If you’re saving for your children in a Junior ISA, you can contribute up to £9k in this tax year.
These are all “Use it or Lose It” allowances.
Review Your Cash Savings accounts
If you’re saving for something which you plan to buy in the next few years – like a house move – you should be keeping your money in cash. This is likely going to be in a Cash ISA, Cash savings account or possibly something like Premium Bonds? But what is the best way to go?
If it’s an old cash ISA, you probably had a bonus rate which is now gone. You might not even be making 0.2% at a time when you could be making up to 3%!
Consider this: You have a Personal Savings Allowance of £1,000 which can be earned from interest if you are a non or basic rate tax payer before tax is payable. This decreases to £500 if you are a higher rate tax payer.
If your savings account pays interest of 3%, you would need to have £33,333 in the cash savings account already before you had any benefit of tax-free interest in a Cash ISA. If you are a higher rate tax payer, you need £16,666 in a cash savings account before the Cash ISA has any tax benefit.
Review your Pension Contributions
If you haven’t already done so, review your pension contributions. The minimum contributions through auto enrolment probably won’t be enough to provide the retirement lifestyle you are looking for. If you can afford to do more, do it! You are the one who will benefit in the long run, and the minimum contributions really aren’t going to provide for the comfortable retirement you probably want.
Make sure you are getting the full matching contribution from your employer if they offer it.
If you can afford to increase your monthly contribution, explore the option of doing it through your workplace scheme via salary sacrifice to get an added bonus from saving National Insurance Contributions.
Beware of the High Income Child Benefit Tax Charge
If you, or your partner, earn over £50k and are claiming Child Benefit, you need to be careful. There is something called the High Income Child Benefit Tax Charge, where those who earn over £50,000 per annum lose their child benefit. For every £100 you earn over £50k, you pay a charge equal to 1% of your child benefit received. Once you earn over £60k, you aren’t entitled to child benefit. This is equally true if mum earns £60,000 and dad earns nothing, they will lose all child benefit, whereas if mum and dad both earn £49,000 each, they can still claim full Child Benefit. It’s a completely fair system – isn’t it?

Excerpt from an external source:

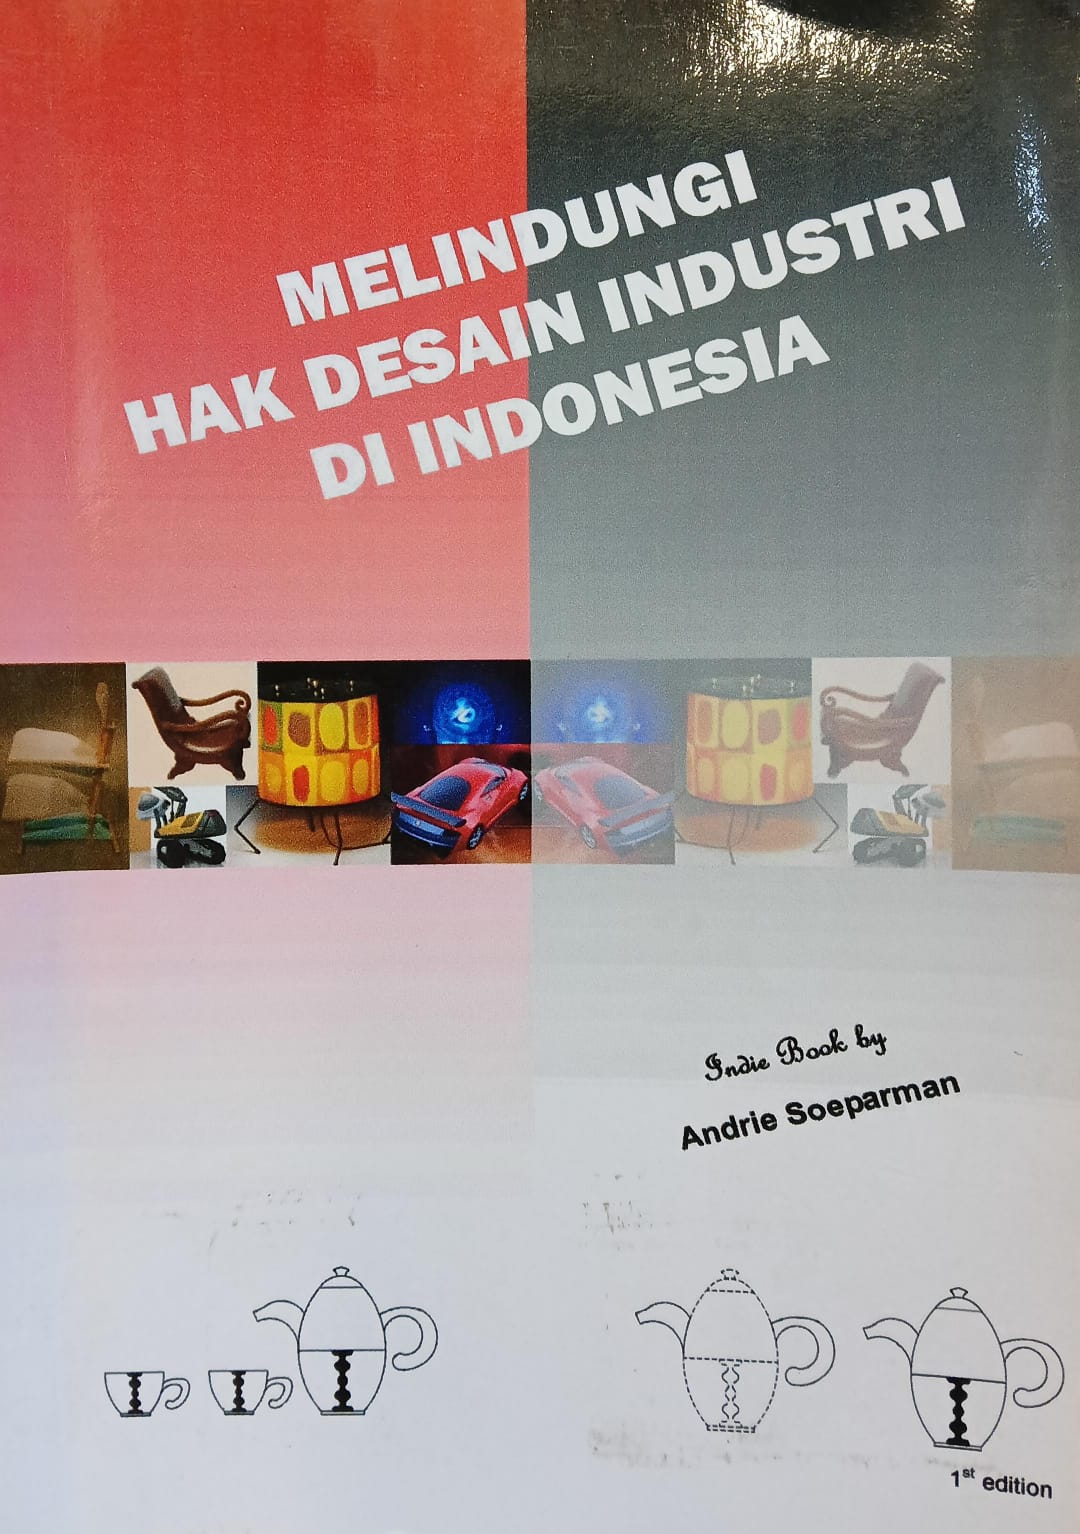 Melindungi hak desain industri di Indonesia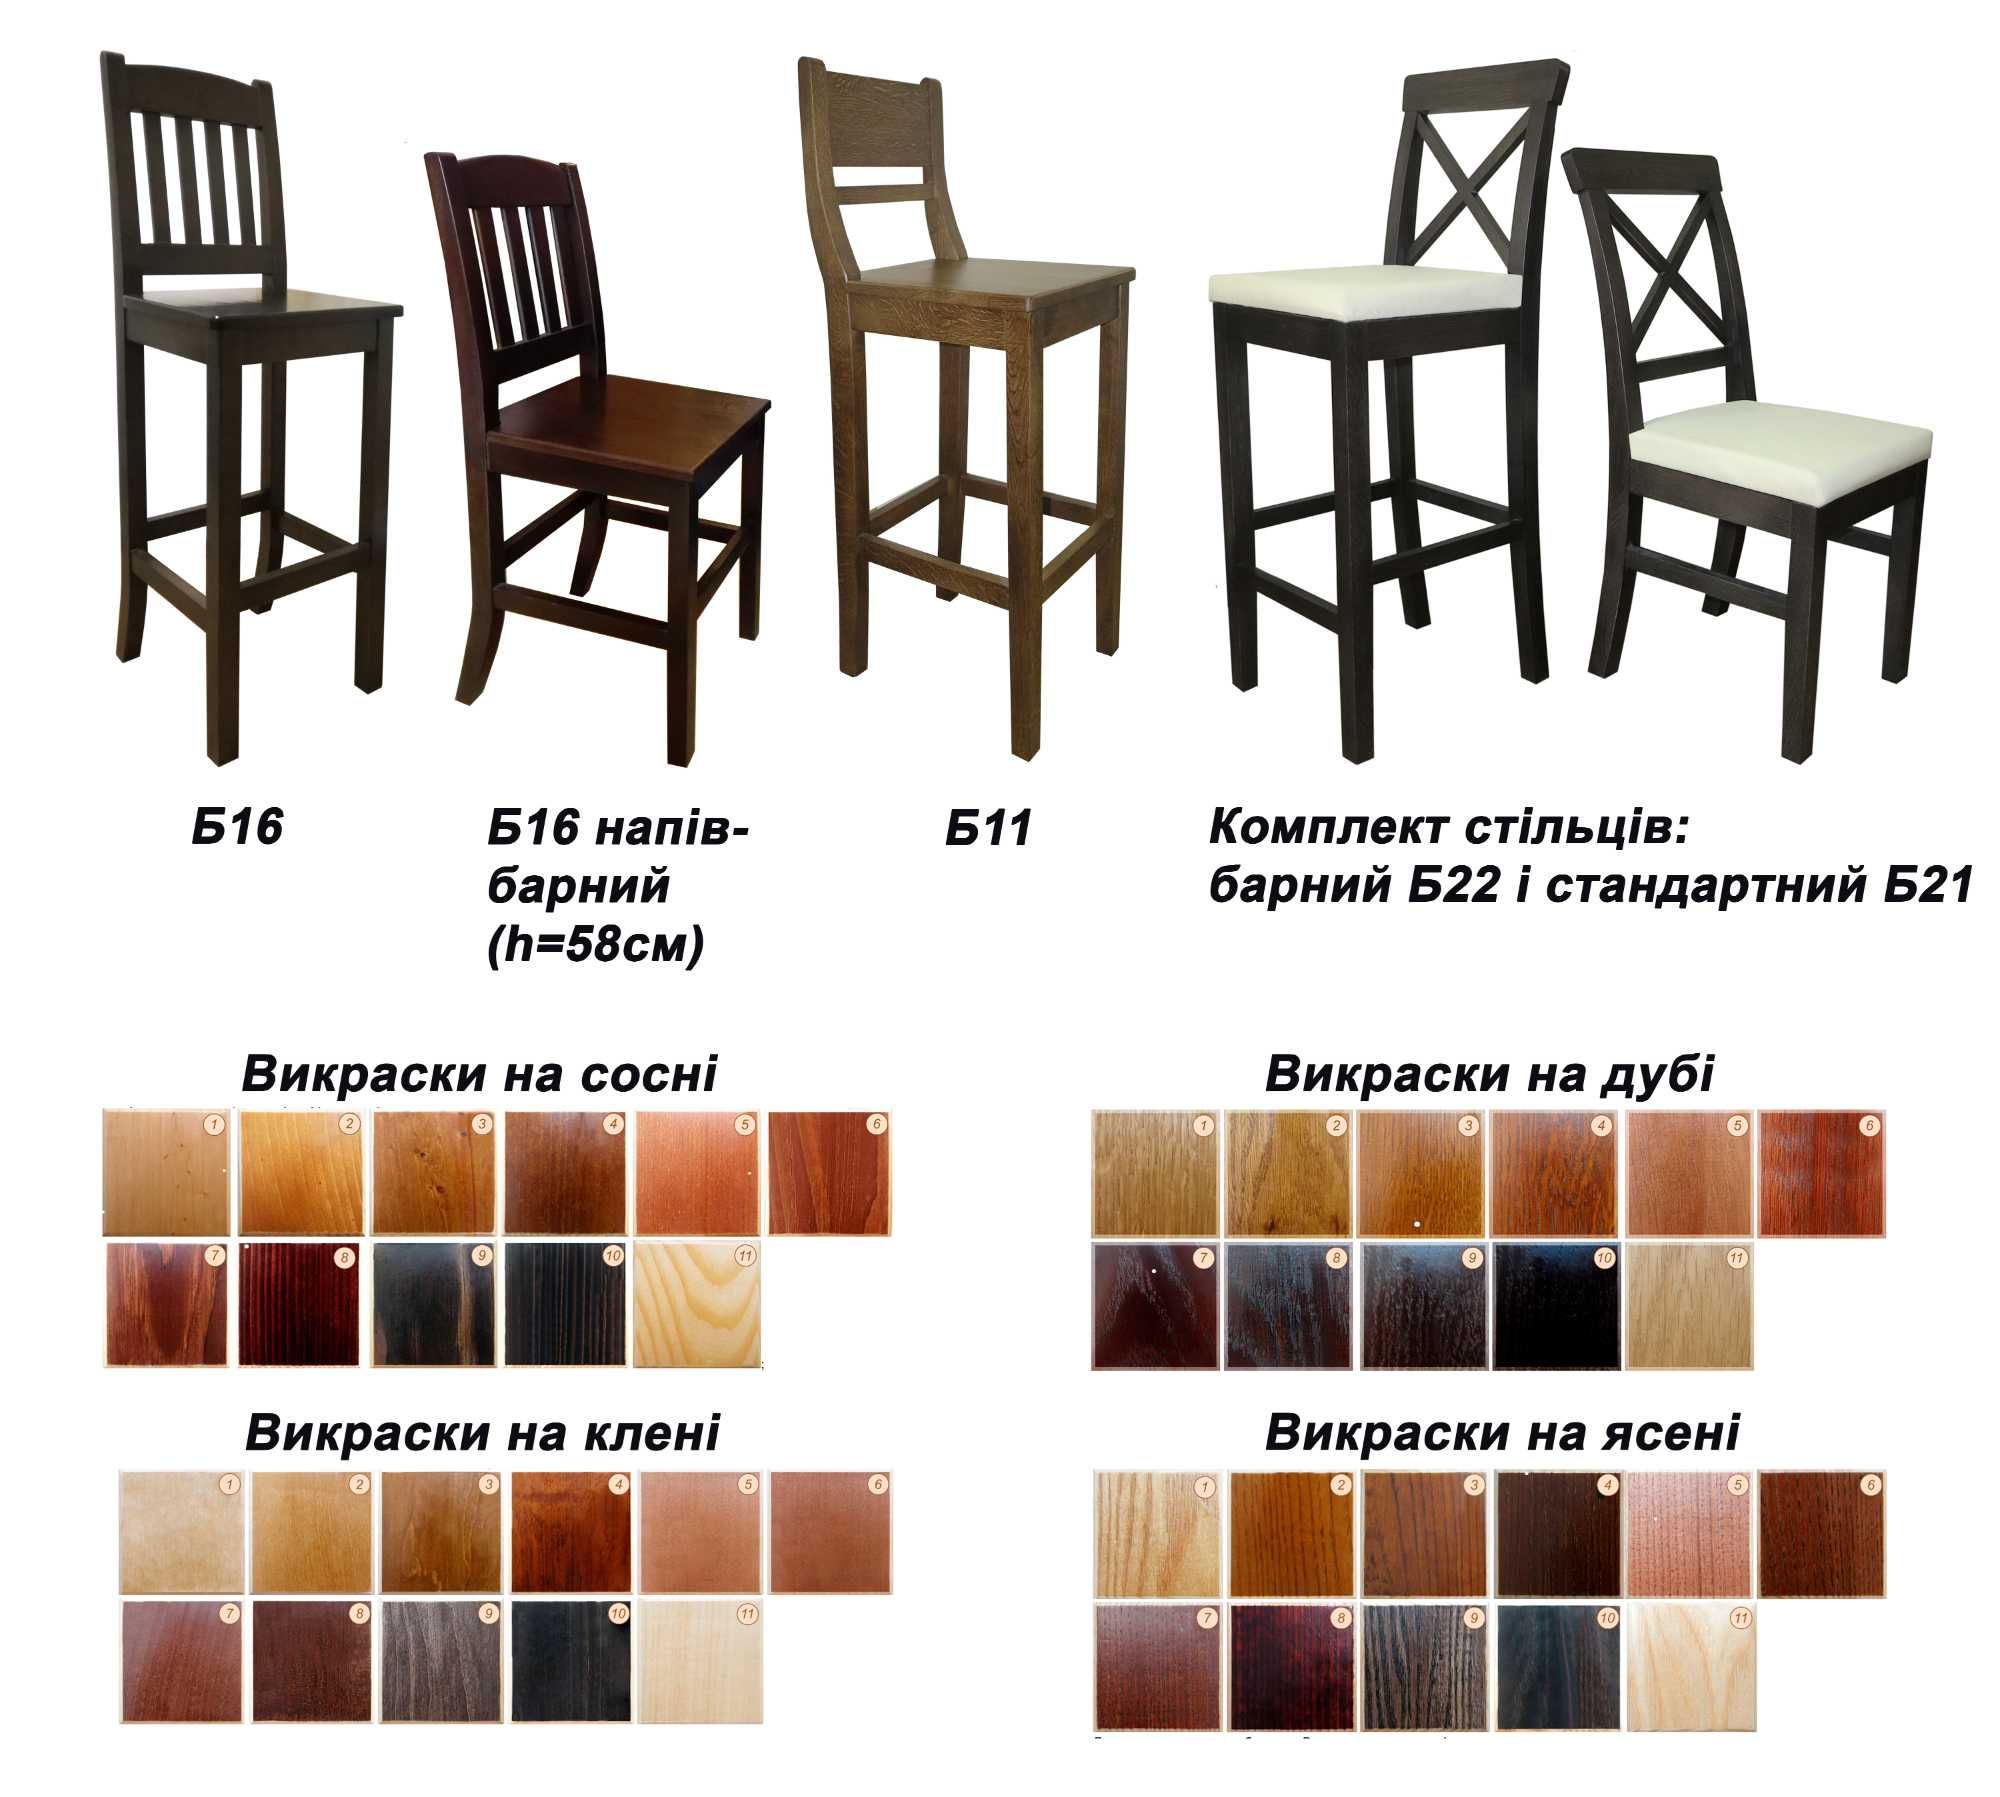 Меблі дерев'янні під замовлення столи, стільці для ресторанів і дому

Consider making an additional pension contribution to get around this. For example, if you are set to earn £52,000 this year, you could make a gross pension contribution of £2,000 to bring your Adjusted Net Income below the threshold, and then you won’t lose any.
Tax Annual Exemptions and Allowance are reducing
The Government have hit us with new lower tax allowances coming into effect on 6th April 2023.
First, the Capital Gains Tax Annual Exemption which currently stands at £12,300 will decrease to £6,000 overnight. This means that if you sell a rental property or second house or shares not held within an ISA or Pension for example, you will realise a gain. The first £12,300 this tax year isn’t taxable, but as of 6th April, only the first £6,000 won’t be taxable.
Secondly, the Dividend Allowance is reducing from £2,000 to £1,000. If you are a business owner, you might have your husband or wife on as a shareholder – beware that their allowance will decrease.
Finally, the bracket for Additional Rate Tax is reducing from £150,000 to £125,140. If you earn over this, you will begin paying more tax at the rate of 45%.
If this affects you, please speak to an adviser as there may be things you can do which help you get more into your pocket and save some tax
*Please note that past performance is not a guide to the future, the value of an investment and the income from it could go down as well as up. You may not get back what you invest.
^^This communication is for general information only and is not intended to be individual advice.